去年我们在宏观漫谈里解释过,其实一直到8月之前,政府债额度下发的速度都远低于历史上的往年。我们也解释过,这是因为当时要卡政府债务红线,以及划分各个政府之间的债务问题。
让我稍微有一点出乎意料的是今年2月。那还是春节月,但今年2月政府债这个单项项目,第一,占社融的比例很高;第二,它同比2月对比的是去年的春节月,是去年第一个春节月过去之后、经济开始恢复的月份,所以这个同比本来应该会受到影响。
但在这种情况下,它还是既占比高又高增长。你可以把它翻译成:今年确实比较明显地要靠前发力。我们讲的是政府这一段。所以,这是金融数据当中我觉得唯一一个稍微特别的数据,而且还是发生在两会开幕前。
这当然跟报告里所说的,要用灵活适当的方法提高整个政府或者经济的刺激要素有关。它在会前就已经发生了这件事,我觉得这是稍微特殊一些的地方。
另外一大堆跟情绪有关的话,我们上次已经解释过了,就是跟CPI有关的这些内容。出口大家也经常拎出来说,因为它的环比下降很严重,把一、二月放在一起看也是一样。
李翔
但这个肯定也有春节月的原因,也有去年抢出口的季末原因。因为大家知道特朗普上台之后要搞关税,所以急着在关税出现之前赶紧先把货囤起来。
风叔
对。当然,今年你也许会看到部分反关税影响的前置反馈,但我猜关税的影响如果真的反馈出来,应该更多会在现在推迟到4月2日之后,在二季度看出具体情况。包括关税对全球贸易、对中国经济,以及对中国出口本身产生的影响。
3. 低线城市消费更强
这里面还有一个跟消费有关的数据。除了CPI,从统计局公布的消费数据来看,有一个话题很有意思:它后来除了公布总量宏观数据之外,还公布了各线城市消费数据的变化,包括两个月的数据,也就是1月加2月,两个月两个月地公布。
你也可以把它理解成传统的累计数据。比如6月,除了公布6月当月数据,还会公布1到6月的累计数据,对不对?但今年这种两个月两个月公布的数据有另外一层意义,因为它可以相对去除春节早、春节晚,也就是所谓错月因素的影响。当然,也只能去除掉60%到70%左右。
它有一个非常明显的趋势。上次有一个同事做报告,因为他没有出现在我们让同事做的那期哪吒分析里,其中有一个消费相关的同事,他在报告里讲了一页内容,我觉得稍微有一点意外,但跟一、二月数据反馈出来的是相近的。
是什么呢?就是部分一线城市,甚至包括一些二线城市的消费,在同比增长上有一些挑战;低线城市反而还好。
李翔
我记得去年也是这样。
风叔
去年也是这样。我们讨论过那个同事的报告,当然他是作为哪吒的一个分析。因为哪吒的票房大部分来自下沉城市,这当然也包括春节回乡的影响。

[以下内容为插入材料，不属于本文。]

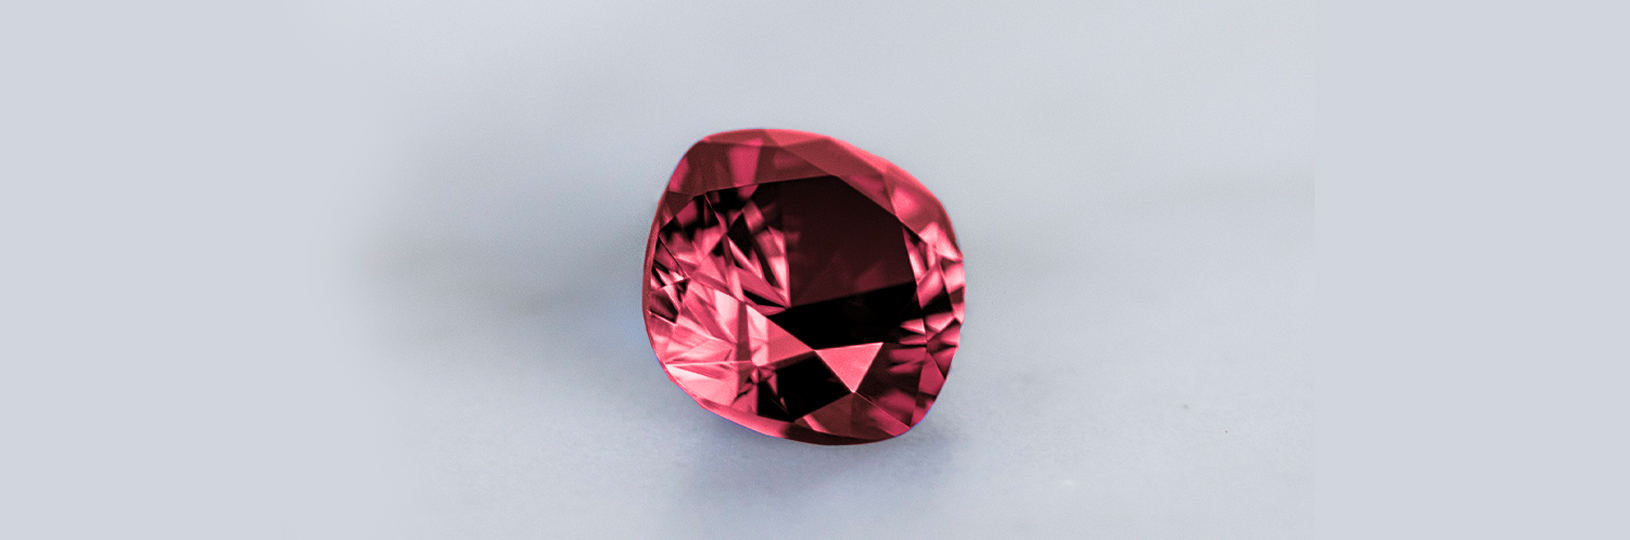 how are rubies formed

他的研究报告里有一页结论是,截至2024年,三线以下城市的居民消费已经在缓慢回升的过程中,超过了三线以下城市2019年的数据。可是,一、二线城市在2024年的统计意义上还没有回到2019年,也就是疫情前的数据。虽然疫情已经放开两年了,但还没有回到疫情前的水平。
这确实反映了中国的一些情况:从整个消费的影响、恢复状况、恢复速度和恢复差异来看,低线城市要远好于高线城市。
李翔
高线城市我觉得还是主要受到了各种各样预期的影响。不管是经济、未来收入、房地产价格的波动,还是就业率等问题,共同作用之下,导致高线城市的预期变得更保守,甚至更悲观。
你可以简单理解为,高线城市里工资高的大公司,包括其他相关的国企、央企比较多。所以在经济具有一定波动性的周期里,它的波动性反而会加大,预期也会变得更保守或者悲观一些。
风叔
可能一线城市虽然在好的时候不够好,不像其他城市那么好,但它反而韧性比较强,波动性比较小。我猜是这样的原因。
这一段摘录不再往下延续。